Qiu Wei, Dincer Ayse B, Janizek Joseph D, Celik Safiye, Pittet Mikael J, Naxerova Kamila, Lee Su-In
Paul G. Allen School of Computer Science and Engineering, University of Washington, Seattle, WA, USA.
Medical Scientist Training Program, University of Washington, Seattle, WA, USA.
Nat Biomed Eng. 2025 Mar;9(3):333-355. doi: 10.1038/s41551-024-01290-8. Epub 2024 Dec 17.
Clinical and biological information in large datasets of gene expression across cancers could be tapped with unsupervised deep learning. However, difficulties associated with biological interpretability and methodological robustness have made this impractical. Here we describe an unsupervised deep-learning framework for the generation of low-dimensional latent spaces for gene-expression data from 50,211 transcriptomes across 18 human cancers.

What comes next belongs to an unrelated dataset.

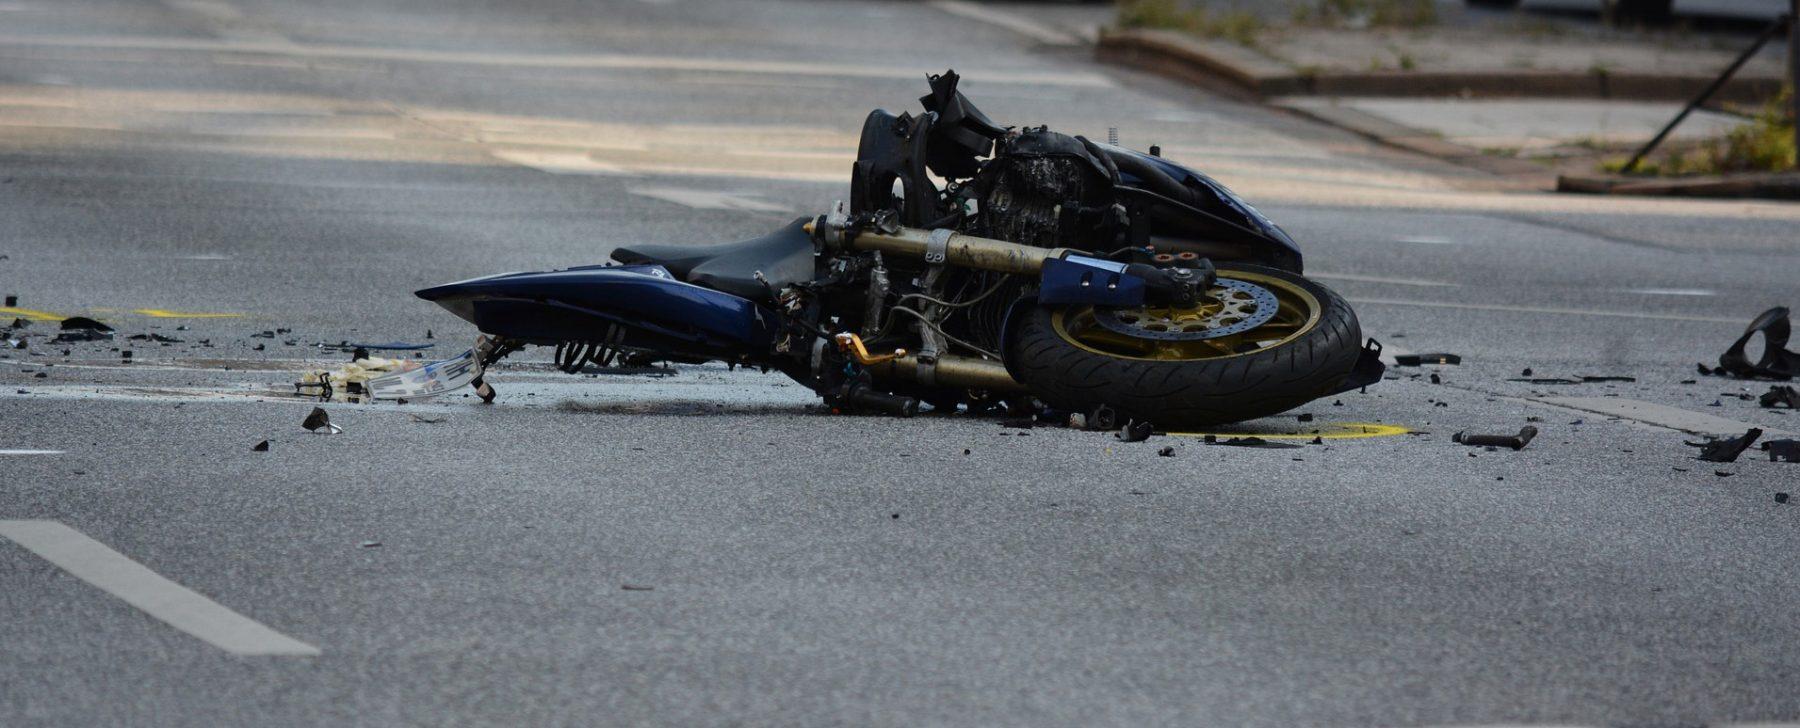 Así quiere la DGT reducir los accidentes en 2020

The framework, which we named DeepProfile, outperformed dimensionality-reduction methods with respect to biological interpretability and allowed us to unveil that genes that are universally important in defining latent spaces across cancer types control immune cell activation, whereas cancer-type-specific genes and pathways define molecular disease subtypes. By linking latent variables in DeepProfile to secondary characteristics of tumours, we discovered that mutation burden is closely associated with the expression of cell-cycle-related genes, and that the activity of biological pathways for DNA-mismatch repair and MHC class II antigen presentation are consistently associated with patient survival. We also found that tumour-associated macrophages are a source of survival-correlated MHC class II transcripts. Unsupervised learning can facilitate the discovery of biological insight from gene-expression data.
通过无监督深度学习,可以挖掘癌症中大量基因表达数据集的临床和生物学信息。然而,与生物学可解释性和方法稳健性相关的困难使得这一做法不切实际。在此,我们描述了一个无监督深度学习框架,用于为来自18种人类癌症的50211个转录组的基因表达数据生成低维潜在空间。我们将该框架命名为DeepProfile,它在生物学可解释性方面优于降维方法,并使我们能够揭示,在定义跨癌症类型的潜在空间中普遍重要的基因控制免疫细胞激活,而癌症类型特异性基因和通路则定义分子疾病亚型。通过将DeepProfile中的潜在变量与肿瘤的二级特征联系起来,我们发现突变负担与细胞周期相关基因的表达密切相关,并且DNA错配修复和MHC II类抗原呈递的生物学通路活性与患者生存始终相关。我们还发现肿瘤相关巨噬细胞是与生存相关的MHC II类转录本的来源。无监督学习可以促进从基因表达数据中发现生物学见解。